An ideal knowledge model promotes improved discovery, interoperability, reuse, traceability, and reproducibility. The knowledge model resulting from the SDD approach adheres to Semantic Web standards, resulting in improved discovery on the Web, as well as interoperability with systems that also use RDF data serializations. These artifacts are reusable, as SDD tables created for one data set can be reused to annotate another similar data set. Scientific studies involving SDDs are traceable and reproducible by design, as the artifacts designed during the modeling process can be published and shared, helping to ensure consistency for other researchers attempting to examine the studies.

In this work, we advance the state of the art of metadata capture of data sets by improving on existing standards with the formalization of the Semantic Data Dictionary specification, which produces machine-readable knowledge representations by leveraging Semantic Web technologies. This is achieved by formalizing the assignment of a semantic representation of data and annotating data set columns and their values using concepts from best practice ontologies. We provide resources such as documentation, examples, tutorials, and modeling guidelines to aid those who wish to create their own Semantic Data Dictionaries.
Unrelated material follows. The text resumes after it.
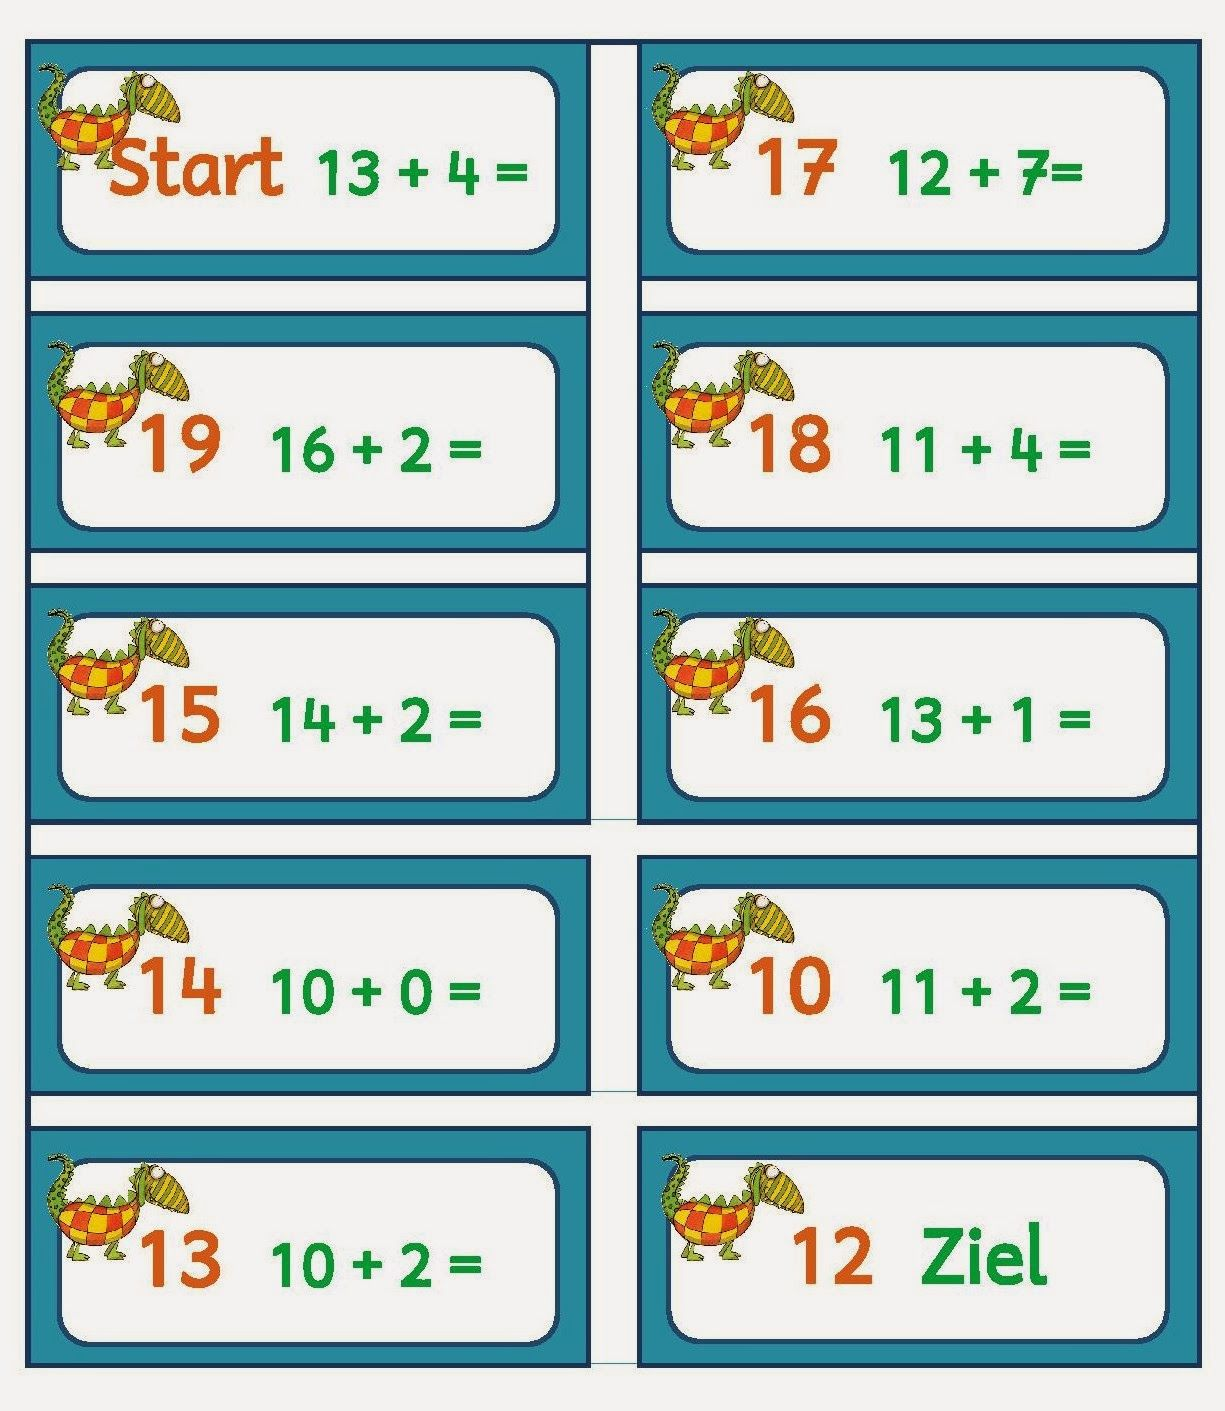 Mompitz Rechendomino bis 20   Mathe, Mathe unterrichten ...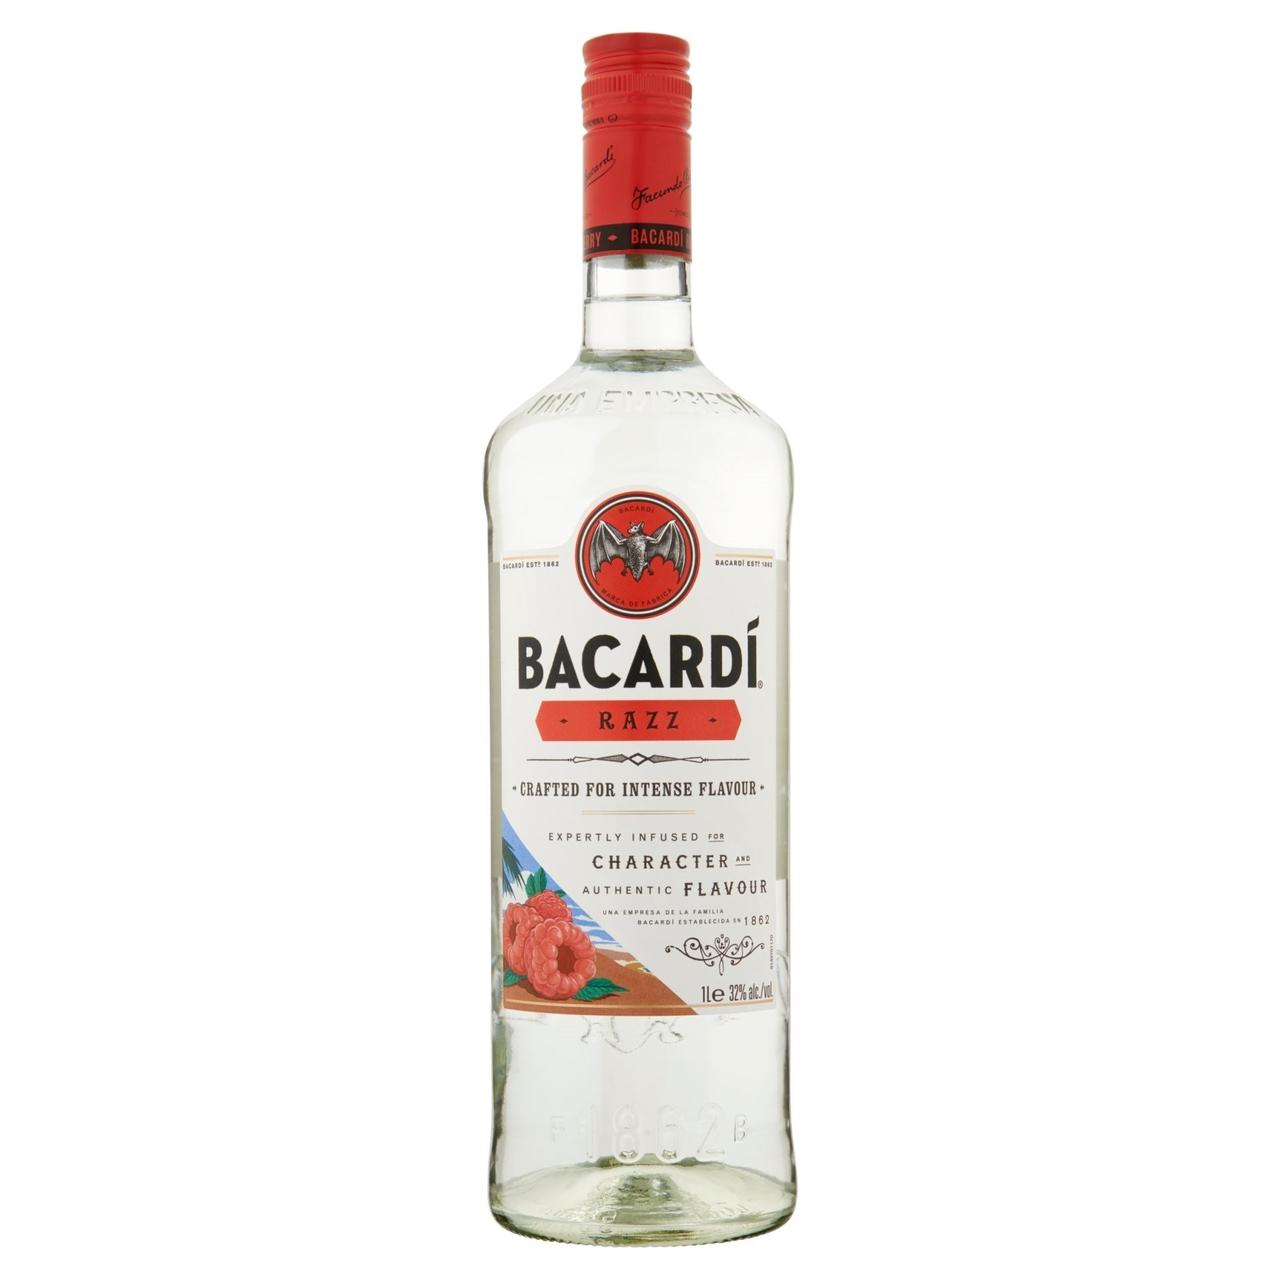 bacardi aanbieding 1 5 liter

We claim that this approach and the resulting artifacts are FAIR, help address limitations of traditional data dictionaries, and provide a bridge between representation methods used by domain scientists and semantic mapping approaches. We evaluate this work by defining metrics over several relevant categorizations, and scoring the Semantic Data Dictionary, traditional data dictionaries, mapping languages, and data integration tools for each metric. As we provide a methodology to aid in scientific workflows, this work eases the semantic annotation process for data providers and users alike.

AUTHOR CONTRIBUTIONS

S.M. Rashid ([email protected]), in drafting the paper, introduced the research, motivation, and claims of this article in Section 1, conducted the majority of the literature review presented in Section 2, summarized the methodology associated with the approach in Section 3, formulated the example of Section 4, detailed the case studies presented in Section 5, performed the evaluation of Section 7 and 8, helped with the discussion in Section 9, and summarized the conclusions of the article in Section 10. J.P. McCusker ([email protected]) contributed to the content of Section 3 and aided in the formulation of the evaluation of Section 7. P. Pinheiro ([email protected]) helped scope the example of Section 4. M.P. Bax ([email protected]) helped with the conducting of the literature review of Section 2 and aided in the formulation of the evaluation of Section 7. H.O. Santos ([email protected]) helped synthesize the related literature in Section 2 and presented some limitations of our approach in Section 10. J.A. Stingone ([email protected]) conducted the experiment and drafted the content presented in Section 6. A.K. Das ([email protected]) led the proposal of the research problems associated with the HEALS projects mentioned in Section 5. D.L. McGuinness ([email protected]) has guided the overall direction of this research. All the authors have made meaningful and valuable contributions in revising and proofreading the resulting manuscript.

This work is supported by the National Institute of Environmental Health Sciences (NIEHS) Award 0255-0236-4609/1U2CES026555-01, IBM Research AI through the AI Horizons Network, and the CAPES Foundation Senior Internship Program Award 88881.120772 / 2016-01. We acknowledge the members of the Tetherless World Constellation (TWC) and the Institute for Data Exploration and Applications (IDEA) at Rensellaer Polytechnic Institute (RPI) for their contributions, including Rebecca Cowan, John Erickson, and Oshani Seneviratne.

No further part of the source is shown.